Although Phil Freelon is originally from Philadelphia, Durham claims the architect as its own.

“It’s impossible to visit Durham and not encounter Freelon’s work,” writes Diana Budds for business publication Fast Company’s design blog, Co.Design.

Last week, the site named Freelon its Architect of the Year, dubbing the sixty-five-year-old “America’s Humanitarian Architect.”

From the article:

“Freelon is riding a decade-long hot streak in his career. He’s designed nearly every major museum or public space dedicated to black culture in the United States, from the [National Museum of African American History and Culture] in D.C., and the Center for Civil and Human Rights, in Atlanta, to the Museum of the African Diaspora, in San Francisco, the forthcoming Motown Museum, in Detroit, and the Mississippi Civil Rights Museum, in Jackson. He is the design director of Perkins + Will‘s North Carolina Practice and a member of the firm’s board, and was named by President Obama to the U.S. Commission of Fine Arts in 2011 and served from 2012 to 2016. He’s unquestionably the most influential African-American architect practicing today.”

Locally, Freelon designed or co-designed the Durham Bulls Athletic Park, the Durham Station Transportation Center, Terminal 2 at the Raleigh-Durham International Airport, the Durham County Human Services Building, and a bio-manufacturing and technology center at N.C. Central. But Co.Design lauds him not only for the buildings he drafted but also his efforts to celebrate and promote diversity. Perkins+Will is made up of 40 percent women and 30 percent people of color, according to the article.

“You look at music and you look at sports and you have all these great examples of African Americans who have had transcendent impact on other professions, but not architecture,” Freelon told Co.Design. “Where’s our Miles Davis?
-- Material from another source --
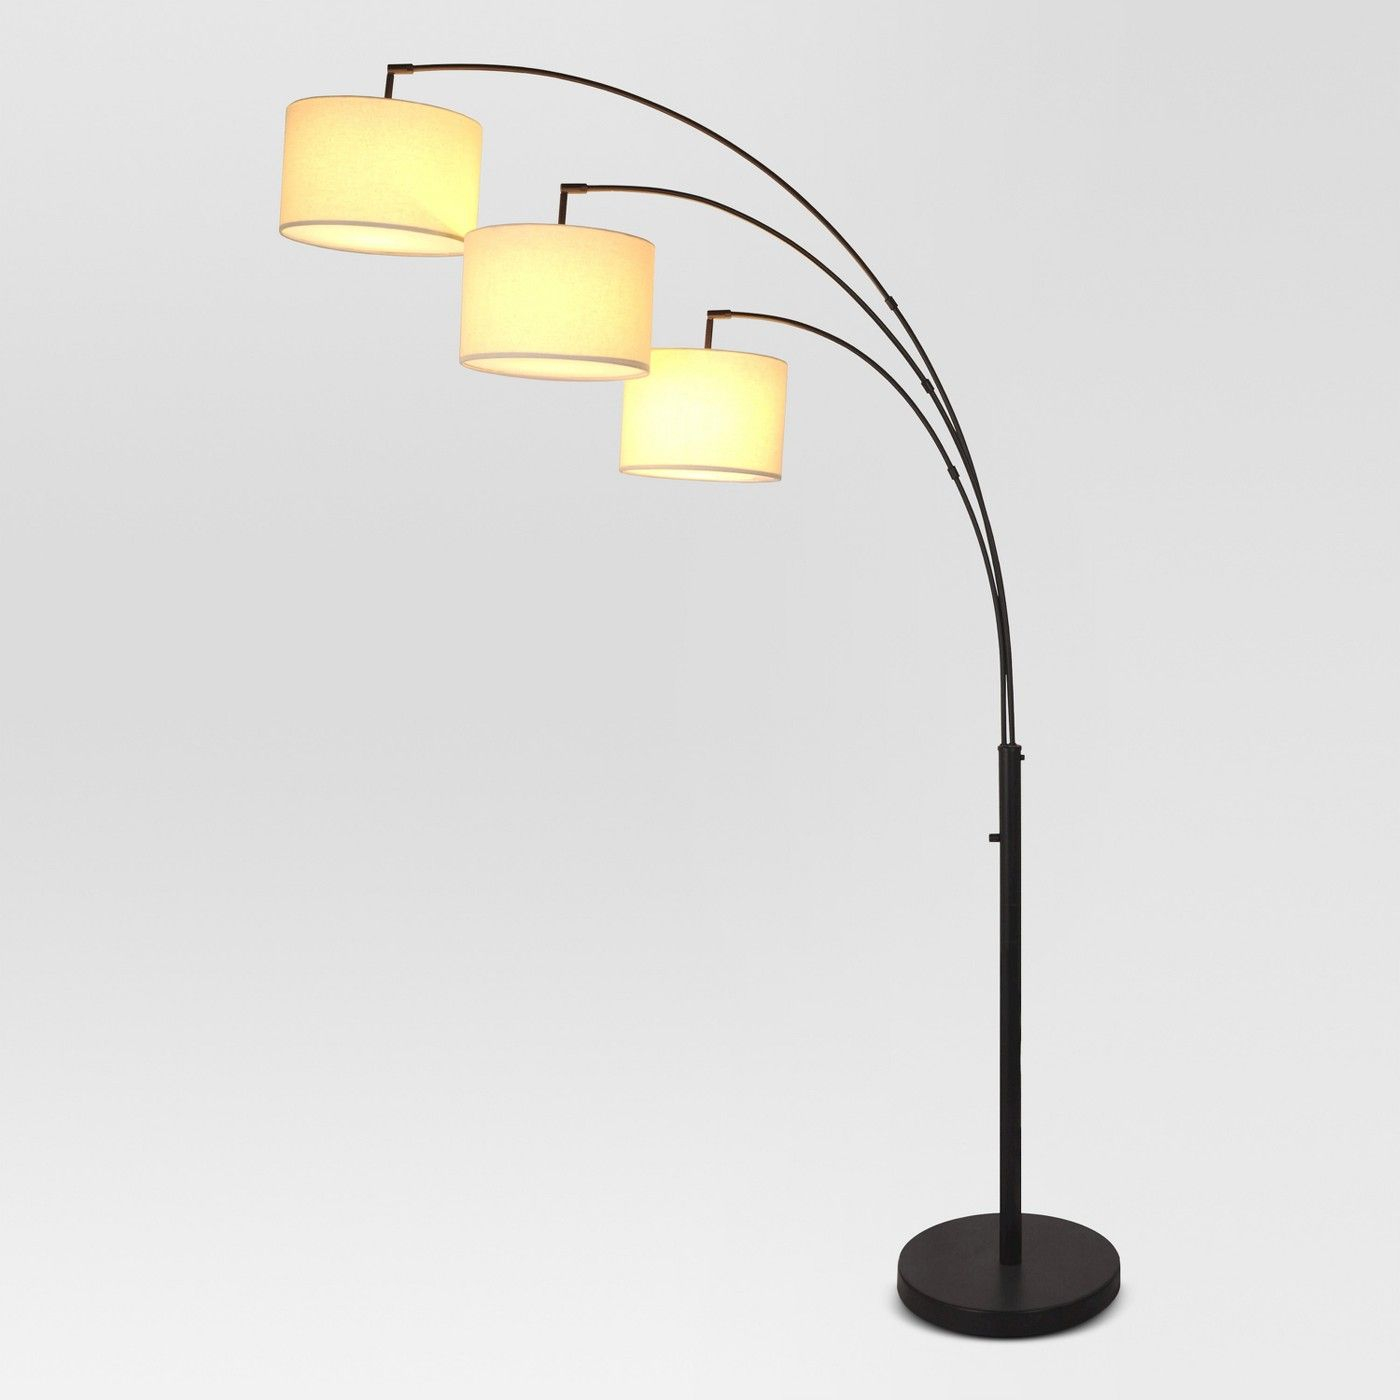 Avenal Shaded Arc Floor Lamp Brushed Nickel Lamp Only throughout size 1400 X 1400

Our Barack Obama? It’s because there isn’t critical mass. The profession, in general, is missing out on a potentially deep pool of talent and the world is missing out on great ideas and buildings that could be happening by virtue of that infusion of energy and creativity that we see in music or dance or almost any other profession.”

Freelon, who was diagnosed with ALS in 2016, founded the Freelon Foundation, which has raised more than $170,000 toward ALS research. He is married to Grammy-nominated singer Nnenna Freelon and has three children, including Pierce Freelon, who recently ran for mayor of Durham and has applied for the vacant city council seat.